Cell proliferation and colony formation assays

Cell Counting Kit 8 (CCK-8, Beyotime, China) was used to measure cell viability. A colony formation assay was performed as we previously described33.

Cell cycle and apoptosis analyses

The cell cycle and apoptosis analyses of LINC00152-overexpressed and silenced CRC cells were applied using the Cell Cycle and Apoptosis Detection Kit purchased from CWBIO.
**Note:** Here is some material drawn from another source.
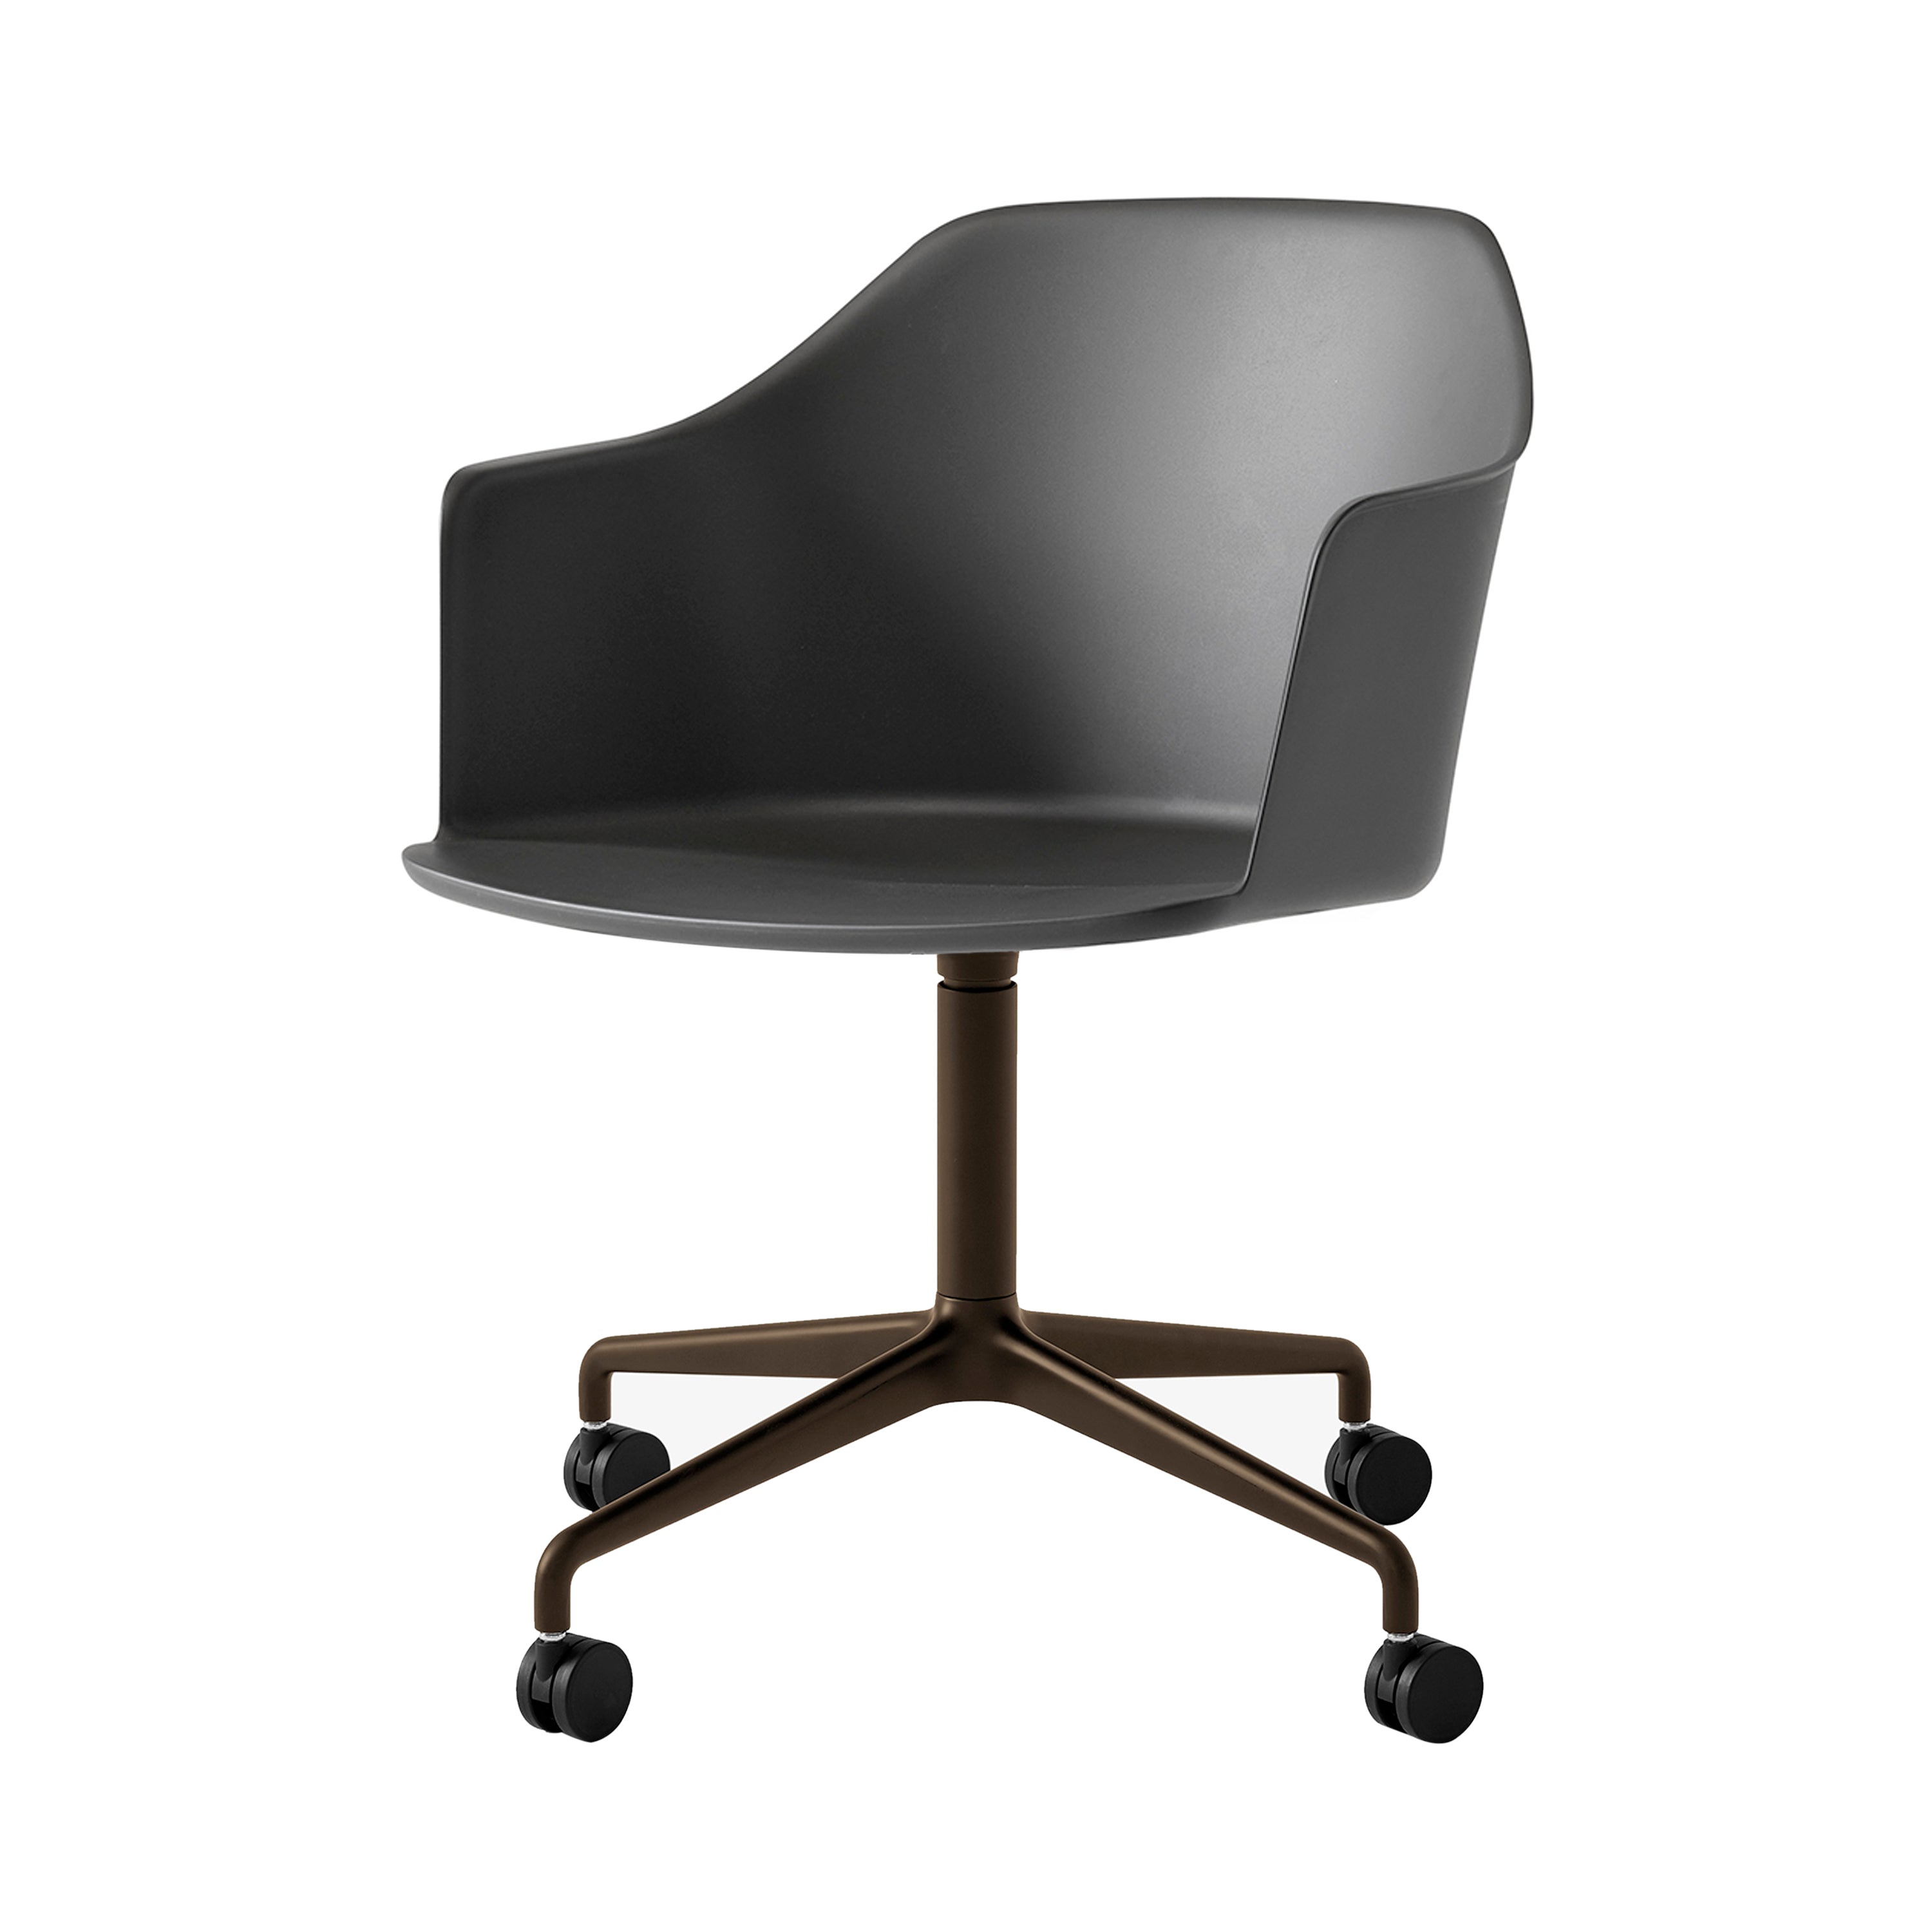 Rely Chair HW48: Black + Bronzed

Cell migration and invasion assay

Transwell assays were performed to measure cell migration and invasion using Boyden chambers (8-mm pore size, BD Biosciences) as we previously described33.

Xenograft tumor assay

Twenty-four male athymic nude BALB/c mice at 5 weeks of age were randomly divided into four groups, and the number of mice is determined according to prior experience of our laboratory. HCT116 cells stably expressing LINC00152 or the bank vector were subcutaneously injected into flank of nude mouse. Four (HCT116) or six weeks (HT29) after injection, these mice were sacrificed to measure the growth of subcutaneous tumors. The investigator was blinded to group allocation during the experiments. All animal experiments were approved by the Clinical Research Ethics Committees of our Hospital.

Luciferase reporter assay

HEK-293T cells were co-transfected with pLuc, pRL-CMV, miR-139-5p mimics (negative control, NC), and pWPXL-LINC00152 (pWPXL). These cells were then assayed for luciferase activity using the Dual-Luciferase® Reporter Assay System (Beyotime, China).

RNA Immunoprecipitation (RIP) assay

A RIP assay was performed using the EZ-Magna RIP Kit (Millipore, USA) as we previously described24.

Western blotting

Total protein was separated by 8% (or 10%) sodium dodecyl sulfate polyacrylamide gel electrophoresis and transferred to a PVDF membrane. After blocking with non-fat milk, the polyvinylidene difluoride membrane was incubated with a rabbit anti-human NOTCH1 antibody (1:1000, 20687-1-AP, Proteintech, USA) or a mouse anti-β-actin antibody (1:1000, AA128, Beyotime, China).

Statistical analyses

Data were presented as the mean ± s.d. Student’s t-test, the Mann–Whitney U-test and the χ2 test were performed to analyze the differences among different groups. The differences in survival rates were determined by the Kaplan–Meier method and compared by the log-rank test. HRs and 95% CIs were calculated by a Cox proportional hazards model. P-values < 0.05 were considered statistically significant.